The writer has seen examples of expert witnesses writing a letter to the court manager, writing a letter to the judge, and filing a form N244 (and then being astonished to find that they are charged a fee of £80 for their efforts). There is no simple answer, particularly in county court actions. The county court is a law unto itself, and an approach made successfully to one venue will be rebuffed by another. However, this may improve now that we have only one county court.

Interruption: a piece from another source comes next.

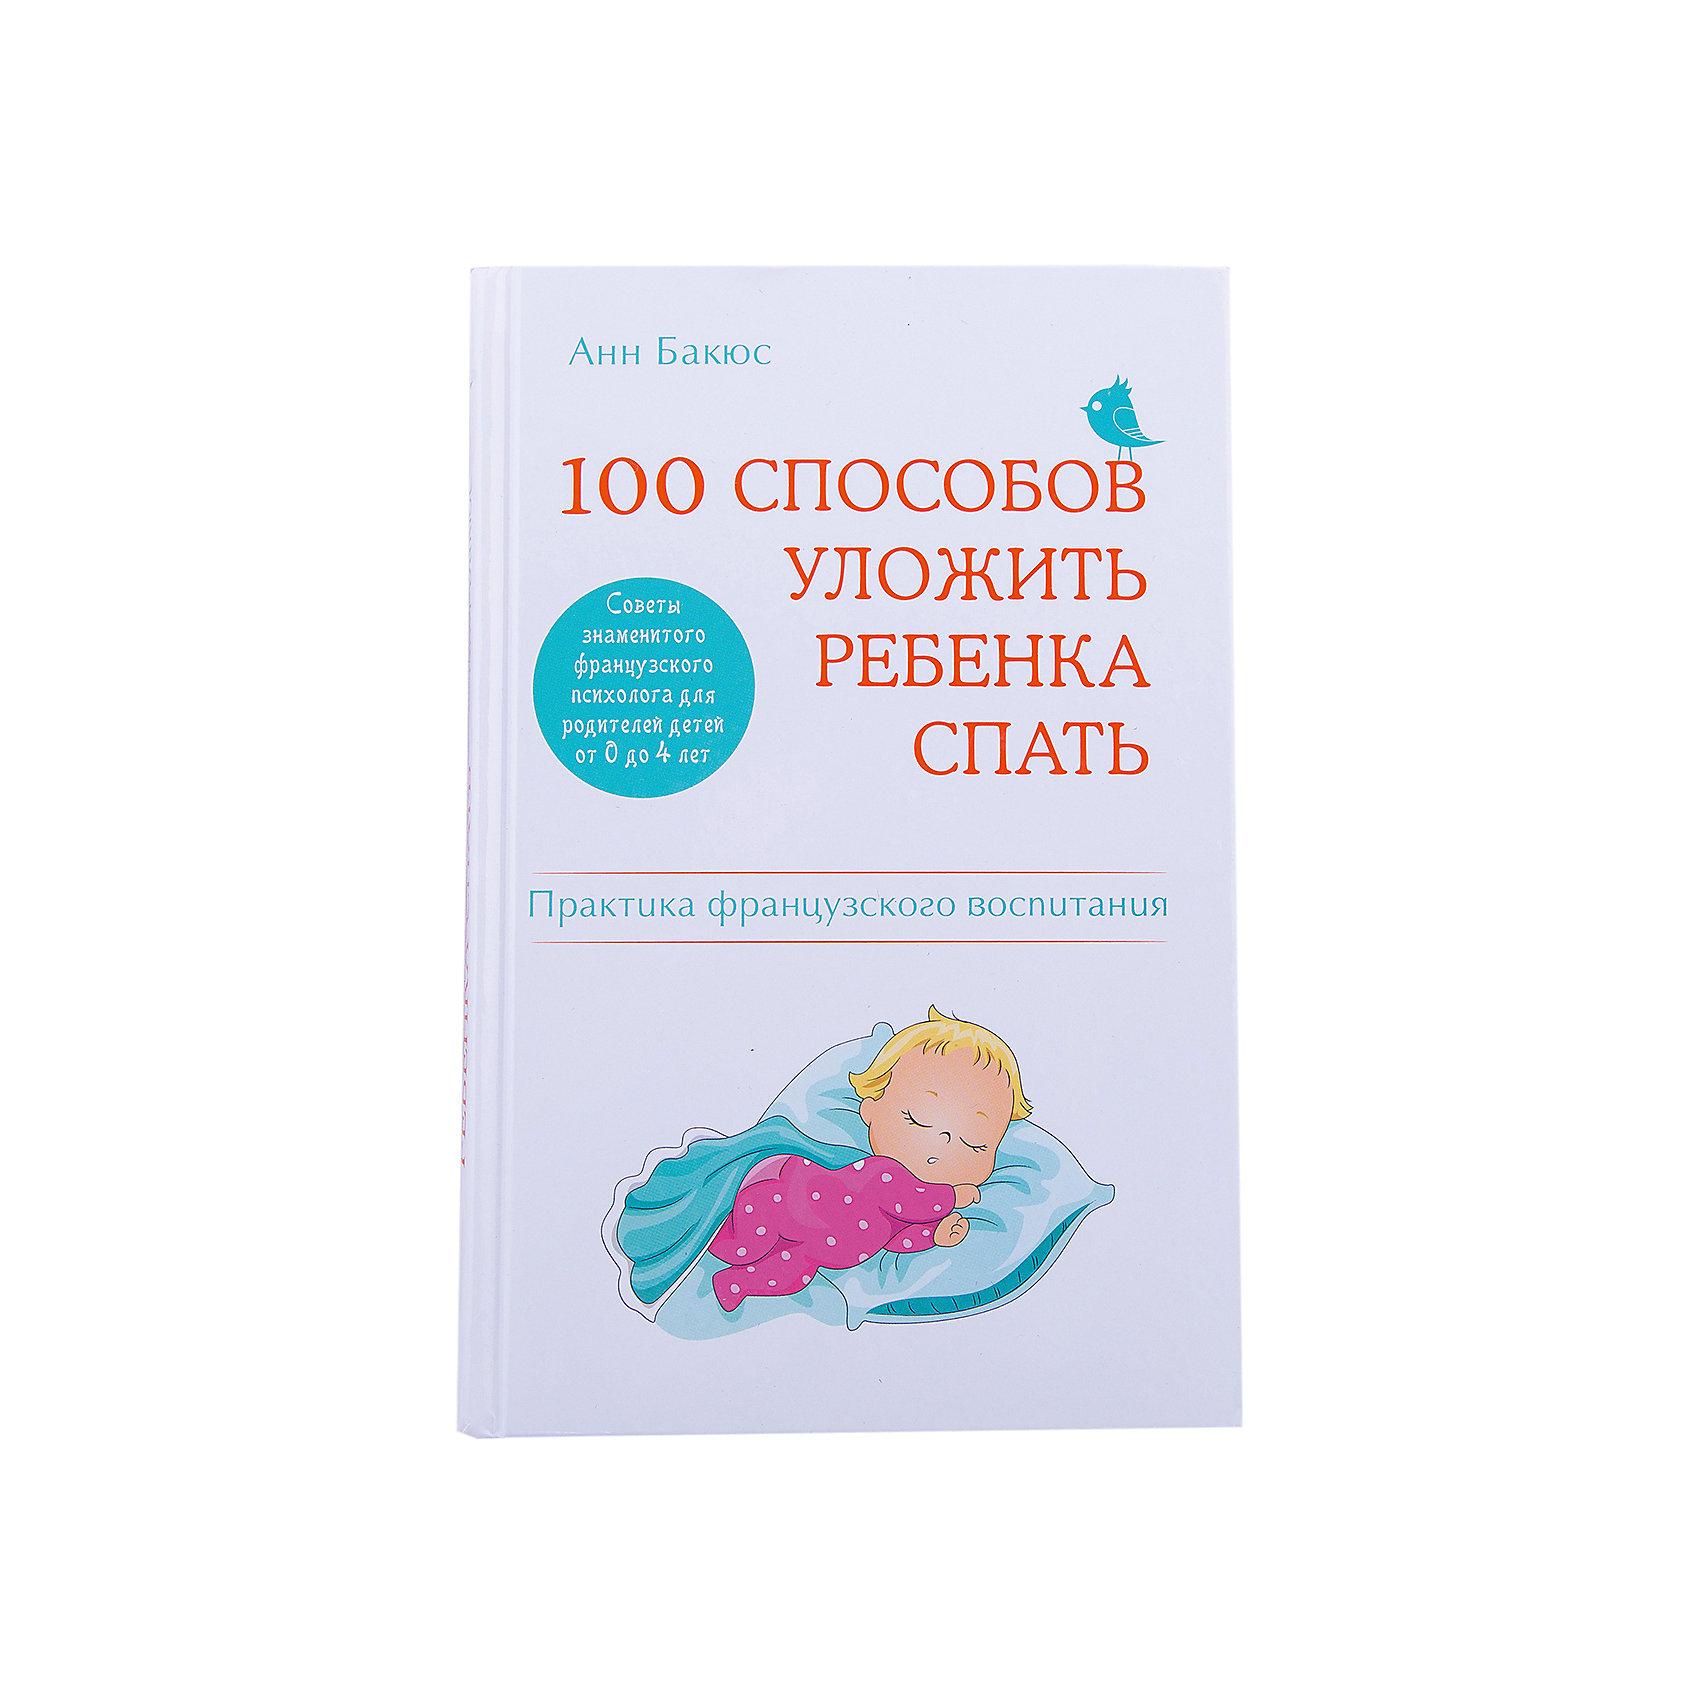 100 способов уложить ребенка спать. Эффективные советы французского психологаБлагодаря этой книге французские мамы и папы блестяще справляются с проблемой, которая волнует родителей во всем мире – как без труда уложить ребенка 0-4 лет спать. В книге содержатся 100 простых и действенных советов, как раз и навсегда  забыть о вечерних капризах, нежелании засыпать,  неспокойном сне,  детских кошмарах и многом другом.  Всемирно известный психолог, одна из основоположников французской системы воспитания, Анн Бакюс считает, что проблемы гораздо проще предотвратить, чем сражаться с ними потом. Достаточно лишь с младенчества прививать малышу нужные навыки и внимательно относиться к тому, как по мере роста меняется характер его сна.<br><br>Дополнительная информация:<br><br>- Автор: Бакюс Анн.<br>- Переводчик: Шкурко И. Г.<br>- Формат: 22х14,5 см.<br>- Переплет: твердый.<br>- Количество страниц: 384 <br>- Иллюстрации: без иллюстраций.<br><br>Книгу 100 способов уложить ребенка спать. Эффективные советы французского психолога можно купить в нашем магазине.<br><br>Ширина мм: 212<br>Глубина мм: 138<br>Высота мм: 24<br>Вес г: 572<br>Возраст от месяцев: 192<br>Возраст до месяцев: 1188<br>Пол: Унисекс<br>Возраст: Детский<br>SKU: 4414964

Court staff have little idea about how much help they are supposed to provide. They are instructed that they cannot advise on matters of law, but they are given no guidance concerning what that means in practice. The result is that they play safe and suggest that the enquirer should ask their solicitor or their local Citizens Advice Bureau. Even if the expert witness manages to get a letter explaining the problem put in the judge’s work box, the likely response will be that courts do not case manage by correspondence!
So, the advice at present is not to spend too much time on this approach, although a threat that you are about to use it might focus some minds.
Be brave, be determined
Expert witnesses who, generally speaking, are not trained negotiators sometimes create their own difficulties because they feel guilty asking to be paid. A common scenario is the expert who has been booked for a trial but, at the last minute, is told not to attend. Despite the fact that fees for late cancellation of trial attendance, the cause of which is entirely out of the expert’s hands, are provided for in the terms of engagement, some experts are reluctant to issue a fee note or, if they do, to chase payment with any vigour. This is a very poor strategy and simply encourages the solicitor to think that, if resisted, no payment will have to be made.
The advice is to be as professional in your debt chasing as in your report writing. Teach your lawyer that avoiding your fee will be no easy task!
As a matter of principle, no solicitor who earns pocket money by getting interest on money he owes to you should be allowed to keep it! All experts should include in their agreements a provision for interest on overdue fees. Expert witnesses who incorporate into their contracts a term that payment delayed beyond the agreed time will attract interest at 8.0% above the Bank of England base rate will find that the problem of late payment reduces notably. However, trying to make claims for large amounts of interest runs the risk of being attacked under the Unfair Contracts Terms Act 1977 as amended. So, most expert witness terms should keep to the model set out by the Late Payment of Commercial Debt (Interest) Act.